To verify the degradation at the EML/sensitizing layer interface, the device lifetimes of the comparative devices LT1‒LT5 using BNCz-pTPA as the MR-TADF emitter and PPCzTrz as the TADF sensitizer are tested. For a more accurate understanding of device lifetime, certain improvements are made to the original device configuration to improve the device lifetimes, the device configuration is MoO3 (6.5 nm)/Tris-PCz (20 nm)/mCBP (20 nm)/EML/SF3-TRZ (10 nm)/50 wt% SF3-TRZ: Liq (30 nm)/LiF (1 nm)/Al (120 nm). Thereinto, the EMLs are configured as 1 wt% BNCz-pTPA: mCBP (10 nm)/10 wt% PPCzTrz: PPF (2 nm), 1 wt% BNCz-pTPA: 10 wt% PPCzTrz: mCBP (20 nm), 1 wt% BNCz-pTPA: 10 wt% PPCzTrz: PPF (20 nm), 1 wt% BNCz-pTPA: mCBP (10 nm)/10 wt% PPCzTrz: mCBP (2 nm), 1 wt% BNCz-pTPA: 10 wt% PPCzTrz: 44.5 wt% mCBP: 44.5 wt% PPF for devices LT1, LT2, LT3, LT4 and LT5, respectively, in which the MoO3 is the hole injection layer, 9-phenyl-3,6-bis(9-phenyl-9H-carbazol-3-yl)-9H-carbazole (Tris-PCz) is the hole-transporting layer, mCBP is used as the low-polar host as well as the electron-blocking layer, PPF is used as the high-polar host, 2-(9,9′-spirobi[fluoren]-3-yl)-4,6-diphenyl-1,3,5-triazine (SF3-TRZ) is the hole-blocking layer, 50 wt% SF3-TRZ: Liq is the electron-transporting layer and LiF/Al serves as cathode. As shown in Fig. S18, the LT90 values of devices LT1‒LT5 at the initial luminance of 1000 cd m‒2 are 0.2, 4.3, 0.3, 2.4 and 1.1 h, respectively. Due to the instability of the high-polar host PPF, the device lifetimes of devices LT1, LT3, and LT5 using high-polar host PPF are much shorter than those of devices LT2 and LT4 only using low-polar host mCBP. However, by comparing the device lifetimes of the co-phase sensitized device LT2 and the interlayer-sensitized device LT4, both of which only use mCBP as host, it can be found that the device lifetime of the interlayer-sensitized device LT4 (2.4 h) is shorter than that of the co-phase sensitized device LT2 (4.3 h), demonstrating the degradation at the EML/sensitizing layer interface.
Discussion
In summary, to improve the EL performances of MR-TADF emitters, hyperfluorescence OLEDs were proposed, which are generally designed by co-doping MR-TADF emitters with conventional TADF sensitizers into a single host layer.
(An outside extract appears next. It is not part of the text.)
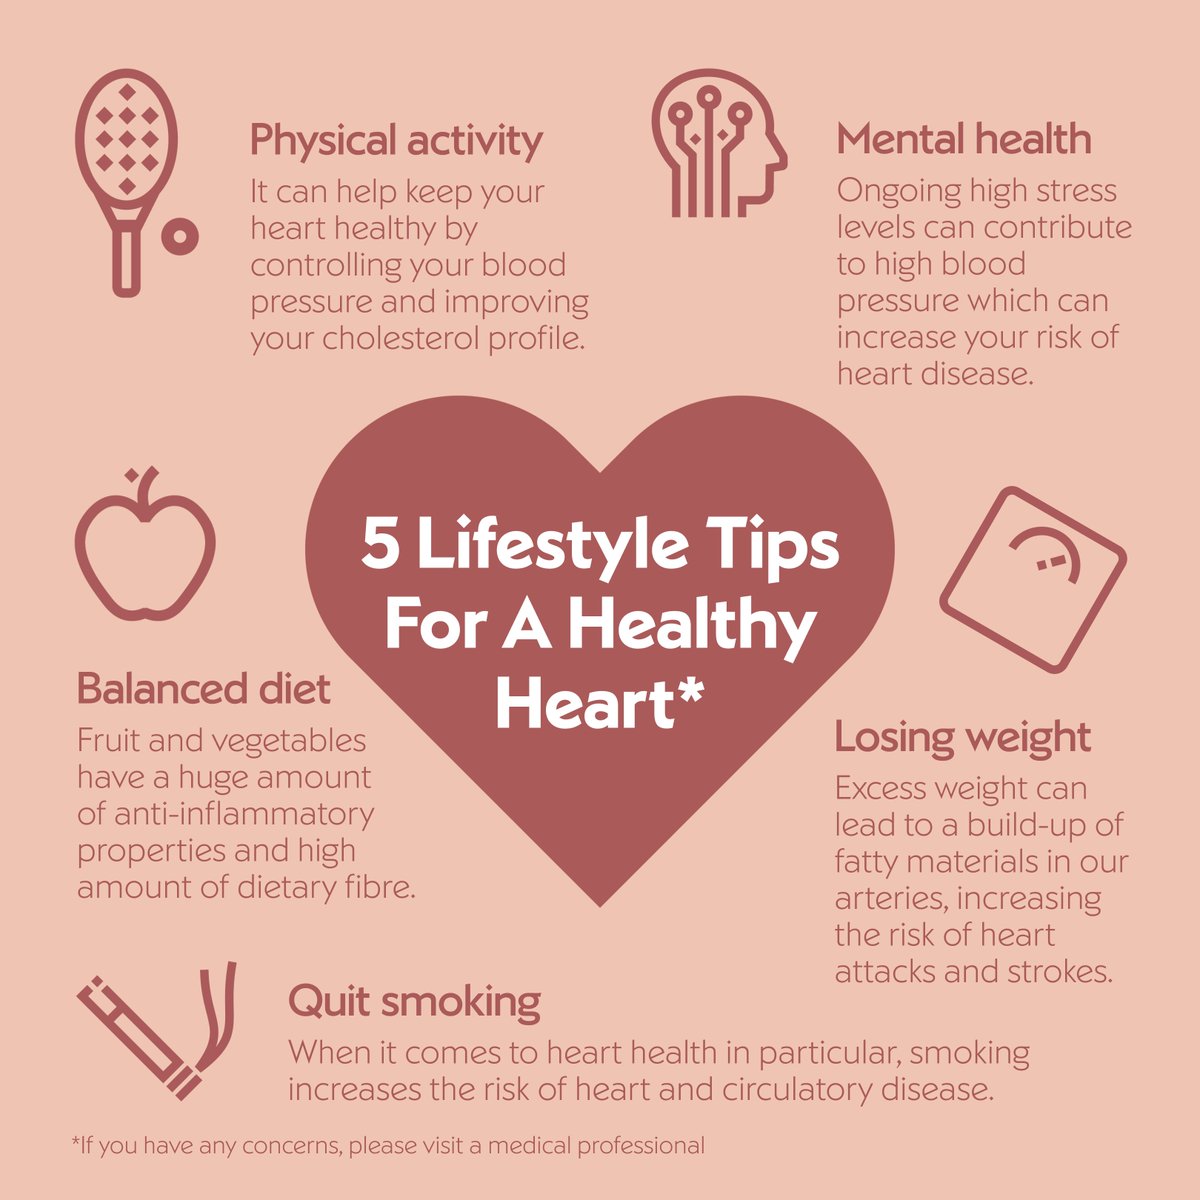 Heart health problems can affect anyone and be caused by lifestyle choices or factors beyond our control, such as family history, age and ethnicity. Here are five steps you can take to mitigate the risks: bit.ly/3YgViPY #HeartHealthMonth

However, the different requirements for host polarity of MR-TADF emitters and TADF sensitizers often lead to difficulties in acquiring high EQEs and narrow EL spectra simultaneously, particularly for blue hyperfluorescence OLEDs. To address this issue, herein, an interlayer sensitization strategy is reported for blue MR-TADF emitters. The interlayer-sensitizing system is designed by separating MR-TADF emitters and TADF sensitizers into two adjacent host layers with high polarity and low polarity, respectively. Blue MR-TADF emitters can be sensitized via the FET mechanism to realize high EQEs and maintain narrow EL spectra in the low-polar hosts. Based on the interlayer sensitization strategy, the state-of-the-art blue hyperfluorescence OLEDs with high color quality and outstanding EQEs of up to 38.8% are realized. This strategy is also effective for different blue MR-TADF emitters and different blue TADF sensitizers, demonstrating the feasibility and universality in the construction of high-performance blue hyperfluorescence OLEDs.
Materials and methods
Materials and instruments
The compounds HATCN, TAPC, TCTA, mCBP, PPF, TmPyPB, DMAC-DPS, PPCzTrz, v-DABNA, and t-DABNA were purchased from commercial sources. BNCz-pTPA and TBCz-XT were synthesized according to previously reported methods. UV-vis absorption spectra were measured on a Shimadzu UV-2600 spectrophotometer. PL spectra were recorded on a Horiba Fluoromax-4 spectrofluorometer. PL quantum yields were measured using a Hamamatsu absolute PL quantum yield spectrometer C11347 Quantaurus_QY. Transient PL decay spectra were measured using Edinburgh Instruments FLS1000 spectrometer.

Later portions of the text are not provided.